AI-Huang / AdderNet-tf

TensorFlow implementation for paper "AdderNet: Do We Really Need Multiplications in Deep Learning?"
BSD 3-Clause "New" or "Revised" License
5 stars 0 forks source link

No convergence - Training AdderNet with Cifar10 #1

Open shl-shawn opened 1 year ago

shl-shawn commented 1 year ago

Hi Kan,

Thank you for your brilliant work for writing AdderNet in Tensorflow.

I learned from your codes that you have trained ResNet20-V1 and achieved 92.16% accuracy in Cifar10.

I tried to train the model with the following command, but found that it did not converge at all. The training loss and accuracy at 100 epoch are same as that of the first 5 epoch, whose screenshots are attached below.

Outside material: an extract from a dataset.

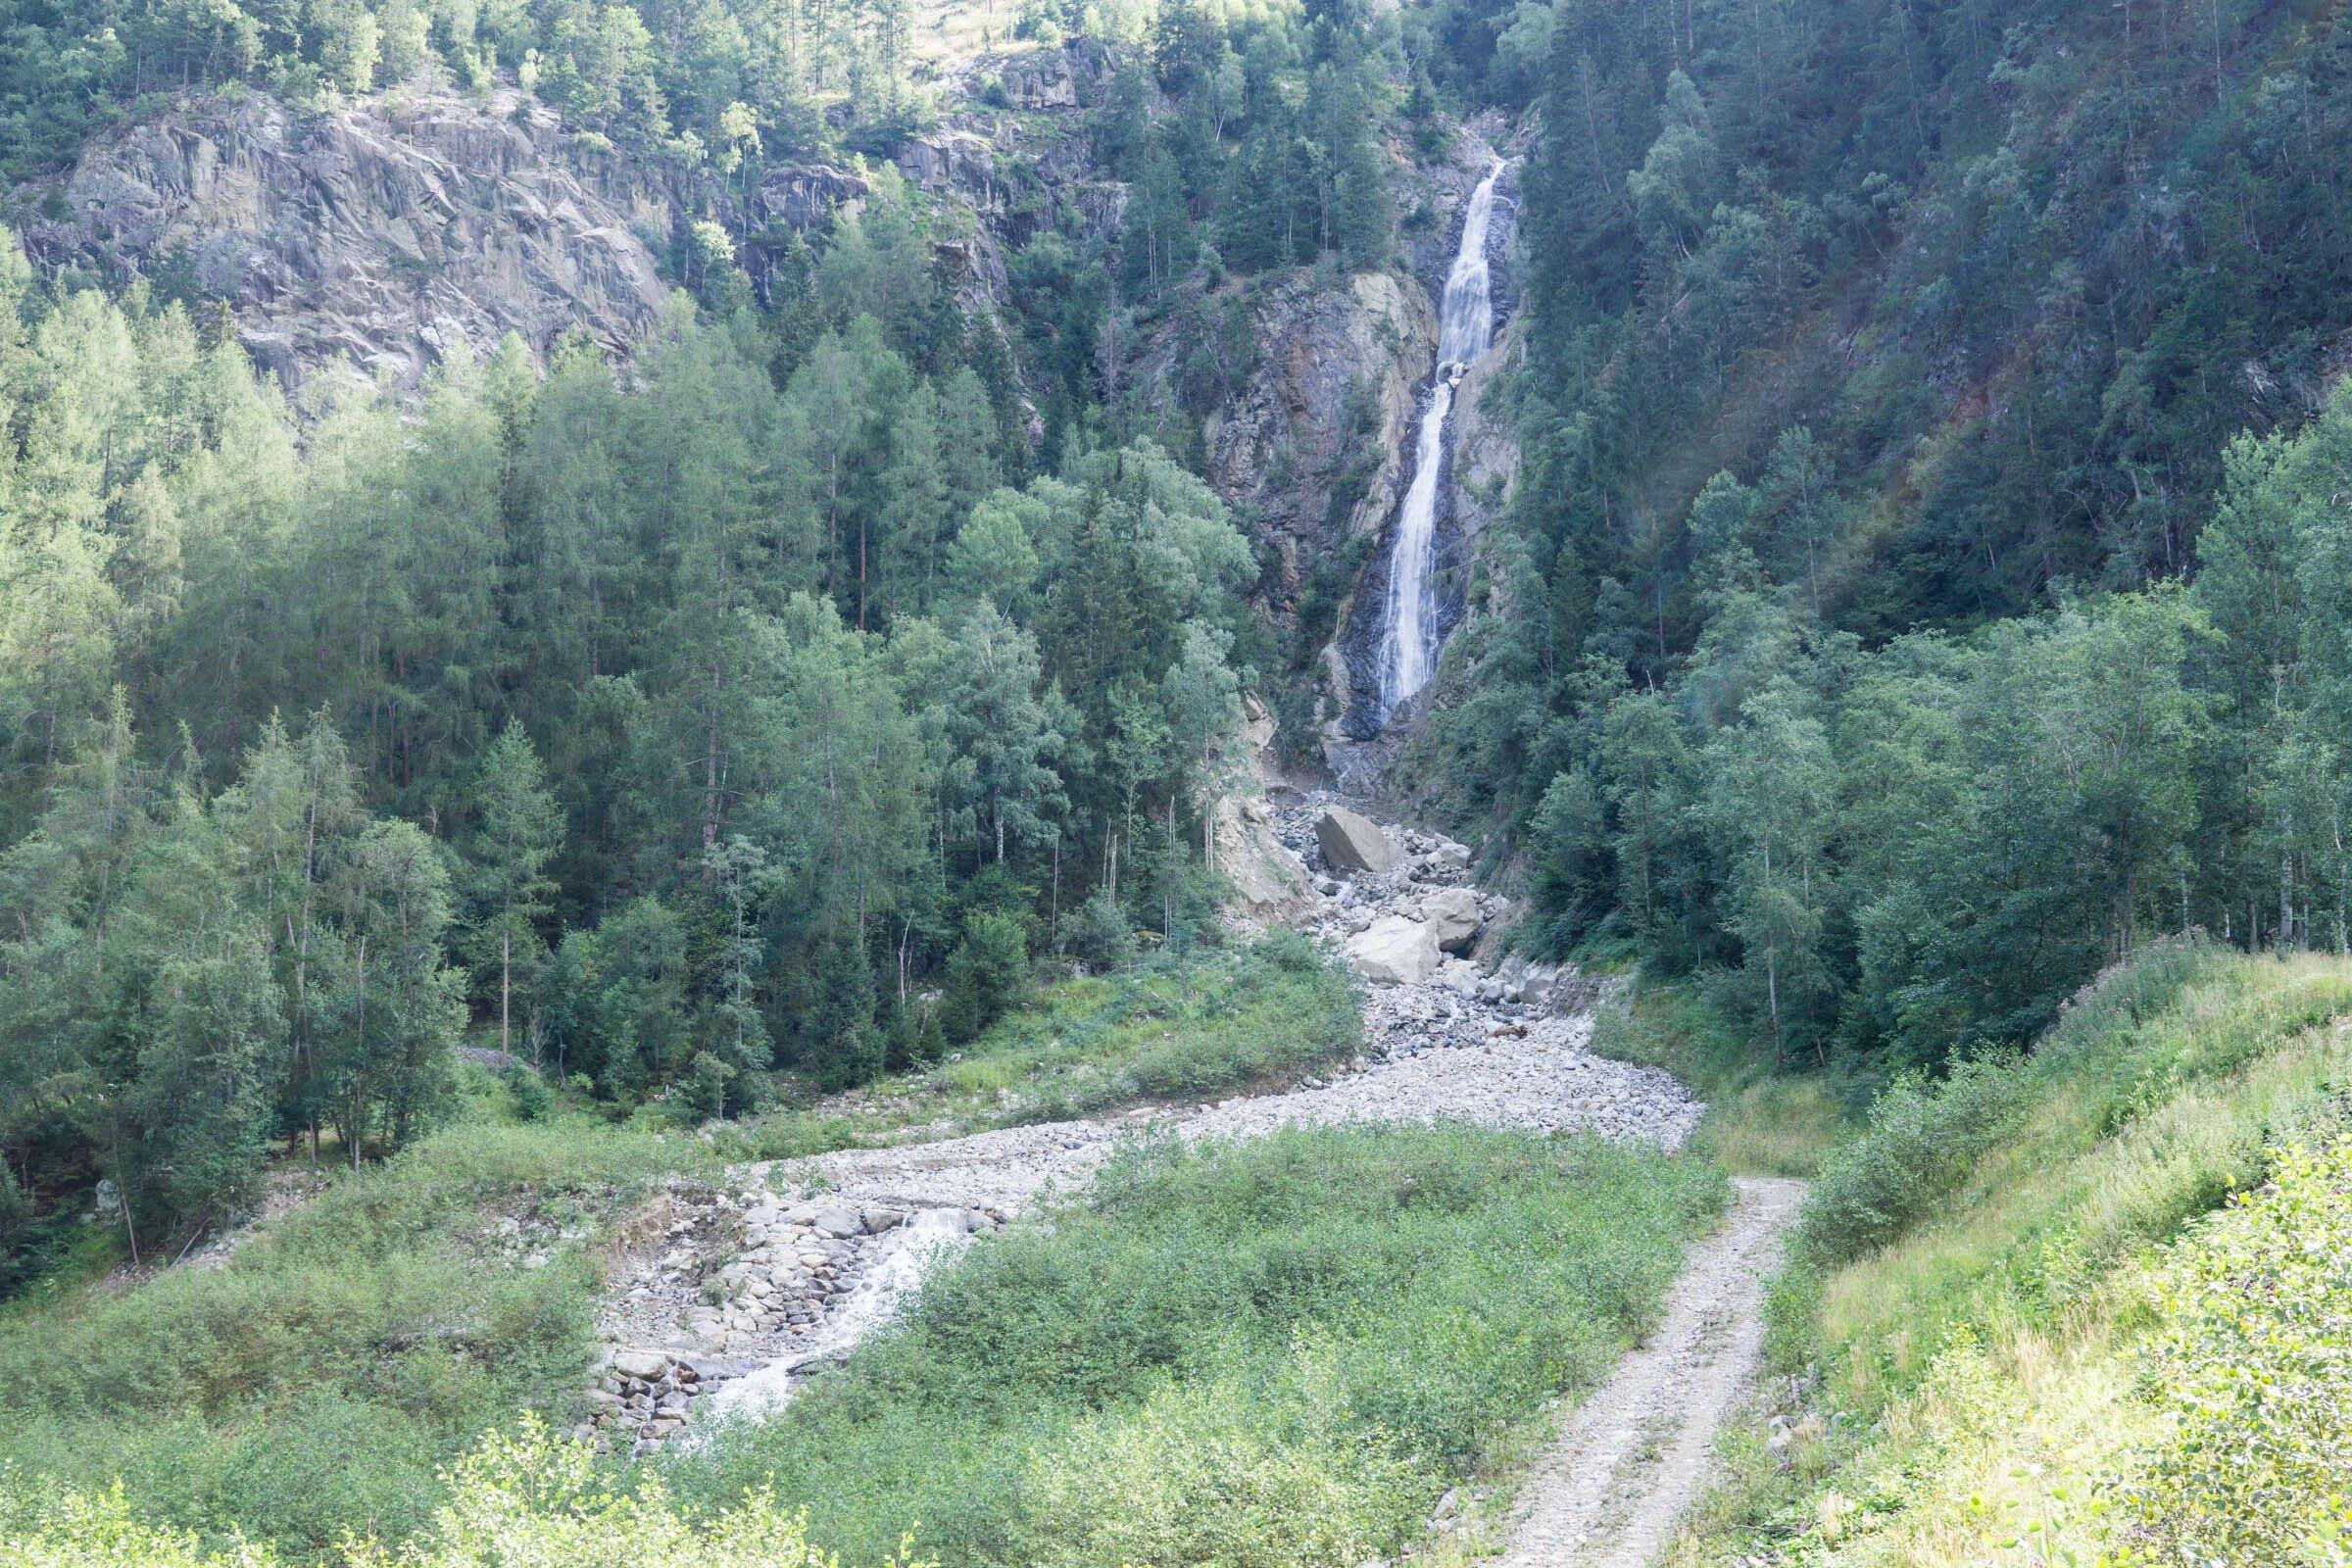 Felswand mit schmalem Wasserfall in Gebirgslandschaft

python train_addernet_cifar10.py --data_preprocessing "subtract_pixel_mean" --lr_schedule "cifar10_scheduler" --dataset "cifar10" --use_addernet --data_preprocessing subtract_pixel_mean --epochs 300 --batch_size 64

I would be appreciate it if you could let me know what changes I should make.

Best Regard, Shawn

Epoch 1-5: 截屏2022-12-15 00 32 48

Epoch 100:

截屏2022-12-15 00 36 44

AI-Huang commented 1 year ago

Hi Shawn,

Thanks for your trial on my codes. Actually, pls check the README.md, which states that this code repository has NOT been tested yet.

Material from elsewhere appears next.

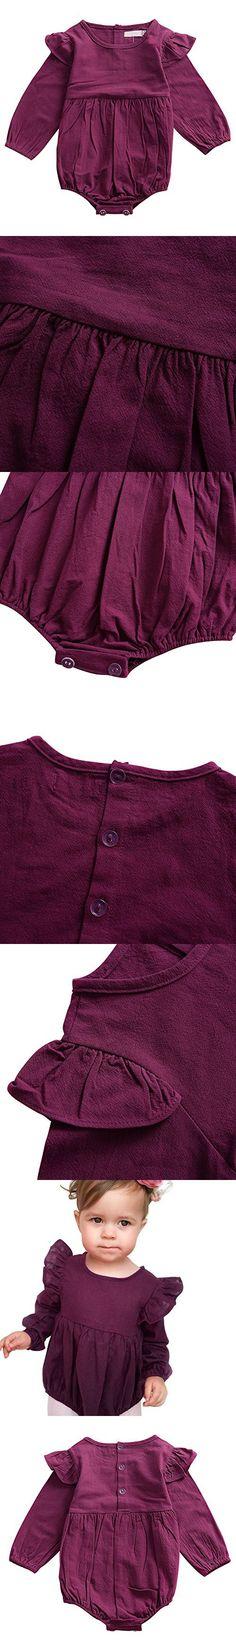 585d482cb99 Hadari Women s Plus Size Long Sleeve Short Bodycon Romper

This also means your output results are the same as mine, which I haven't uploaded and I am still fixing on.

The reasons I guess for the model not getting convergence could be:

  1. TensorFlow's SGDW optimizer is not the same as PyTorch's SGD with momentum;
  2. My implementation of the Adder2D layer especially its gradient function has some bugs.

I'll try to figure out the problem when I have some time, thanks!